**Recorded information**
+===+

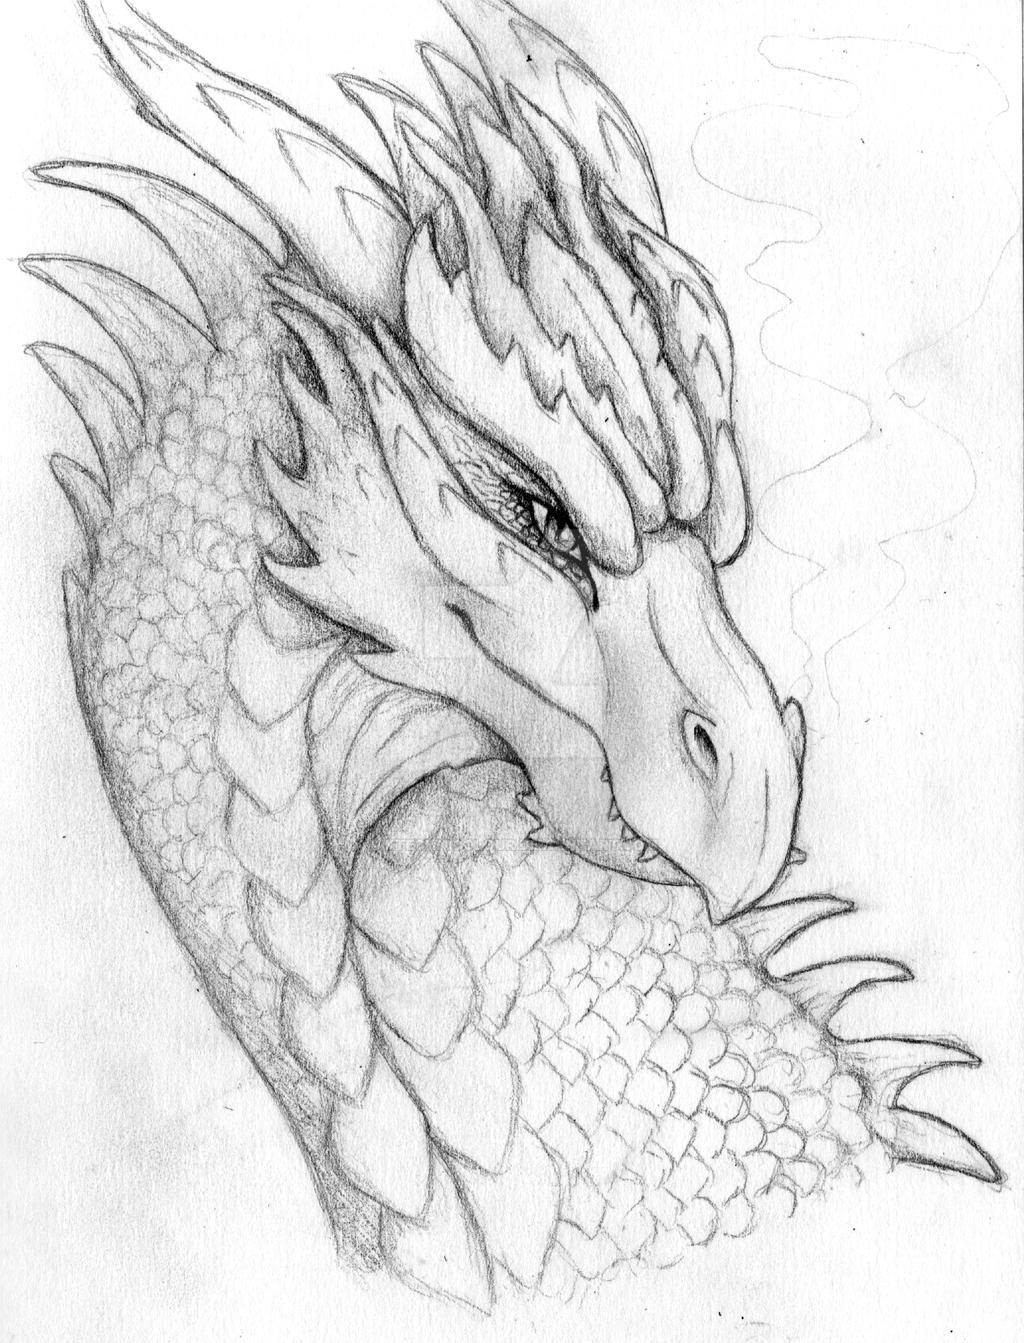 Dragon 2 by KTechnicolour
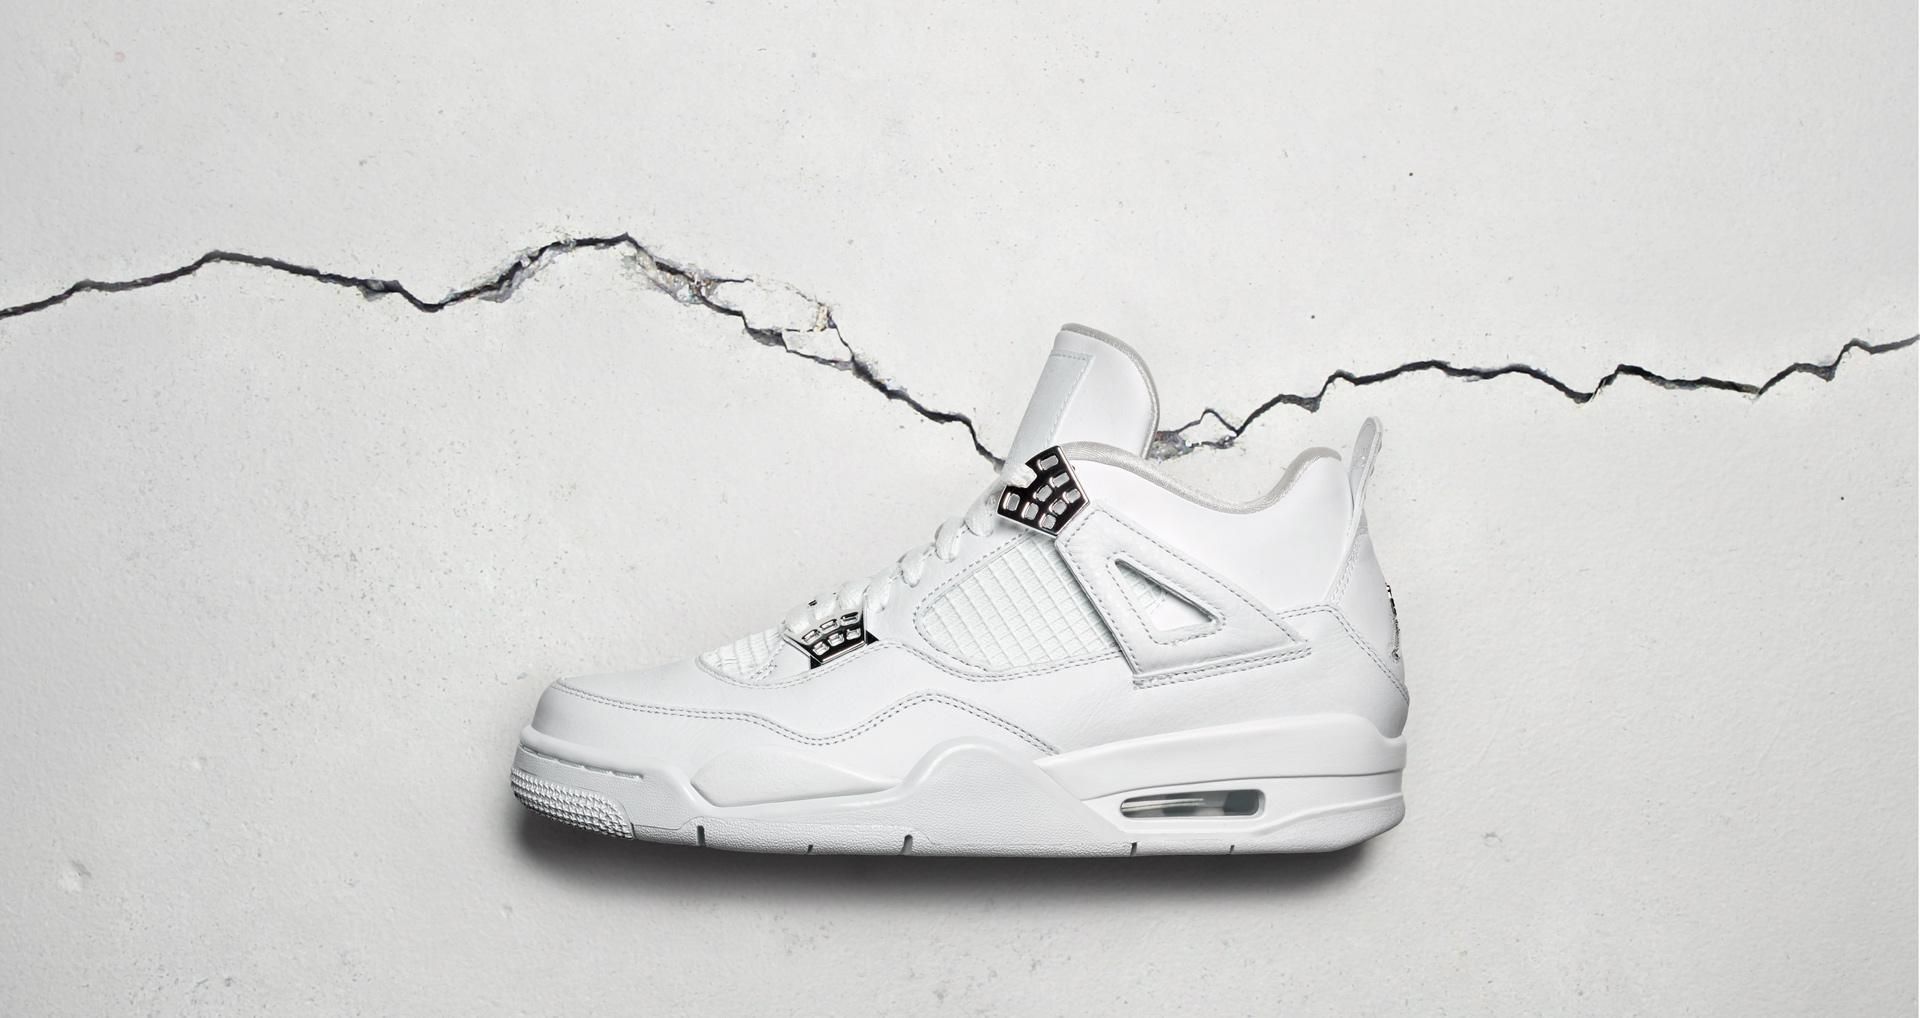 b2931c5b96d988 https   sneakersummit.com take-look-nike-sb-dunk-high-pro-mulder ...
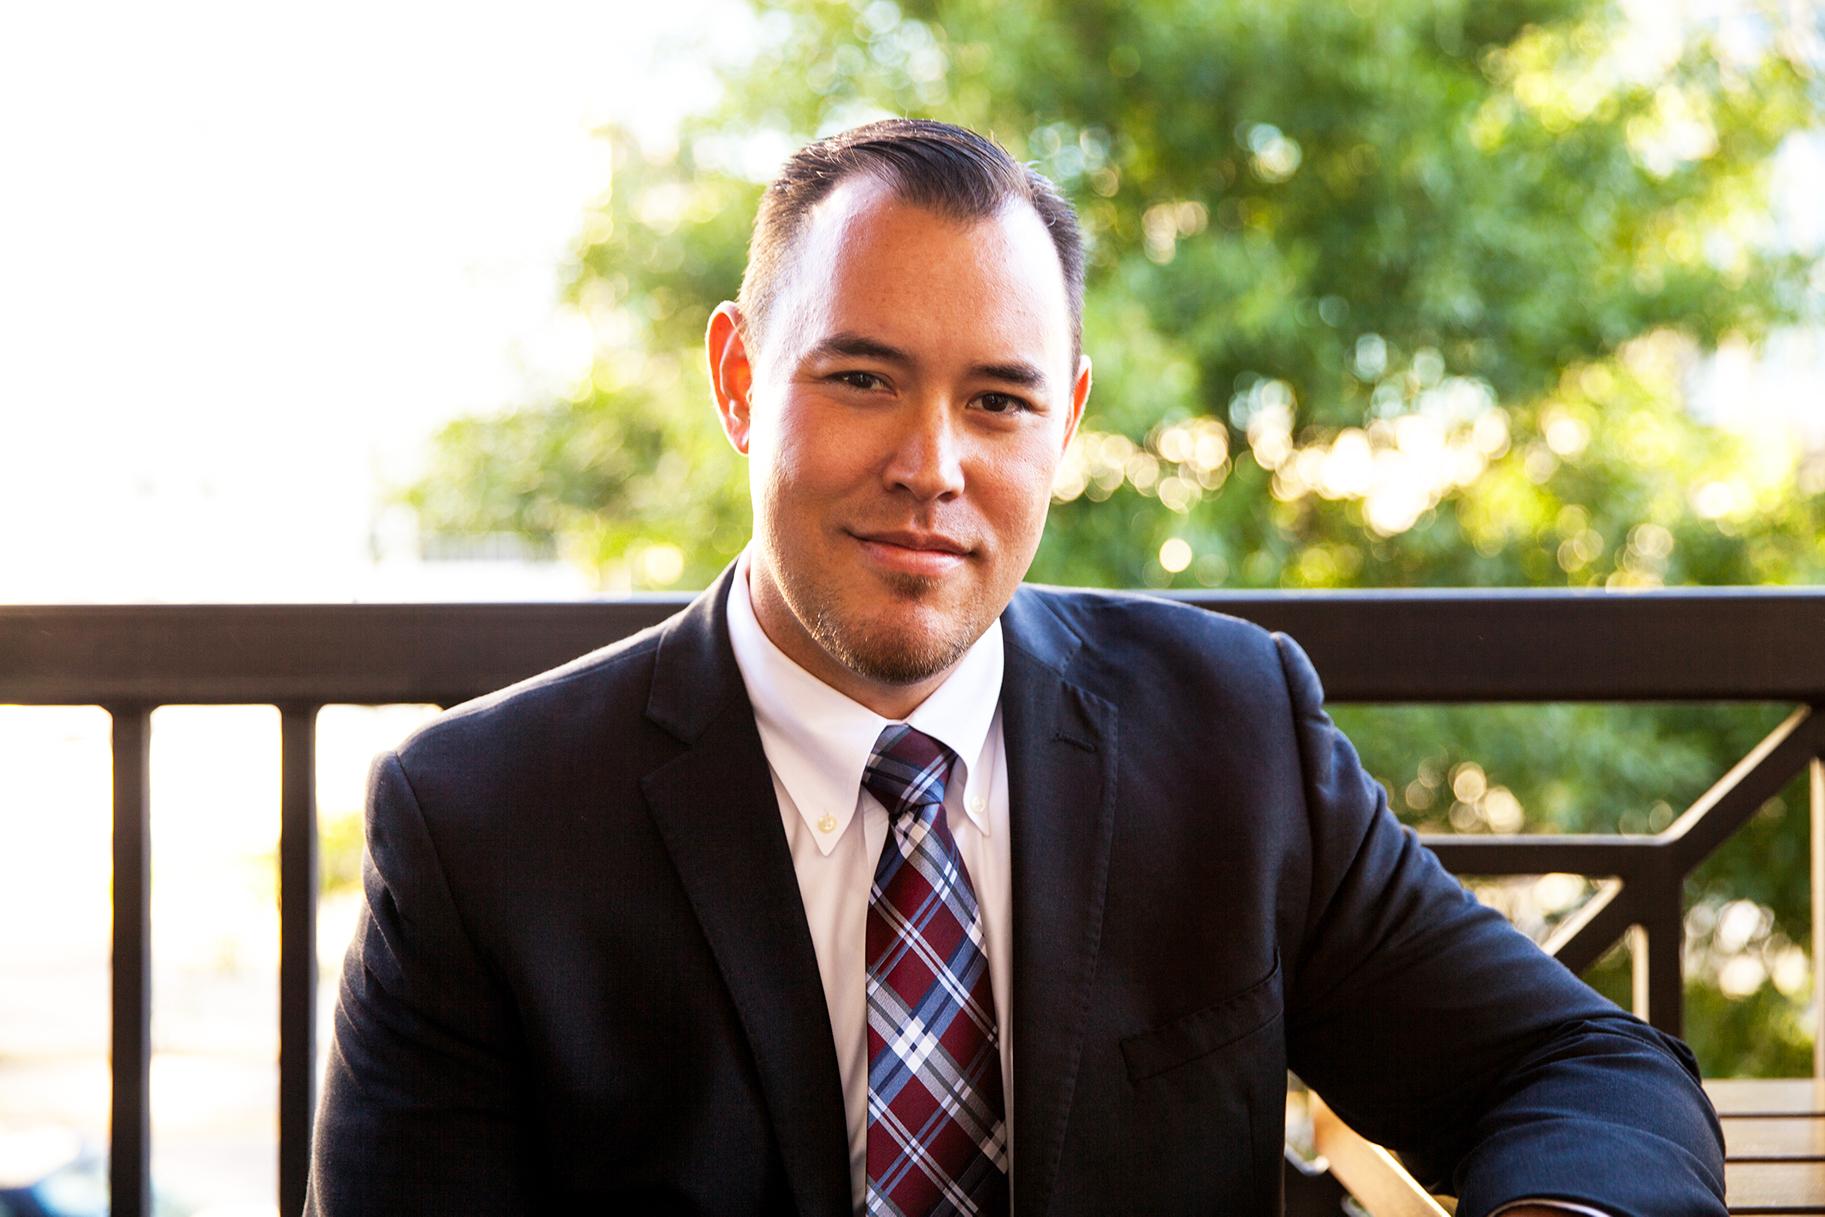 Jordan Kragten, Attorney at Law

+===+

**Task requirements**
Print the data above exactly; drop every picture.

**Task output**
 Dragon 2 by KTechnicolour
 b2931c5b96d988 https   sneakersummit.com take-look-nike-sb-dunk-high-pro-mulder ...
 Jordan Kragten, Attorney at Law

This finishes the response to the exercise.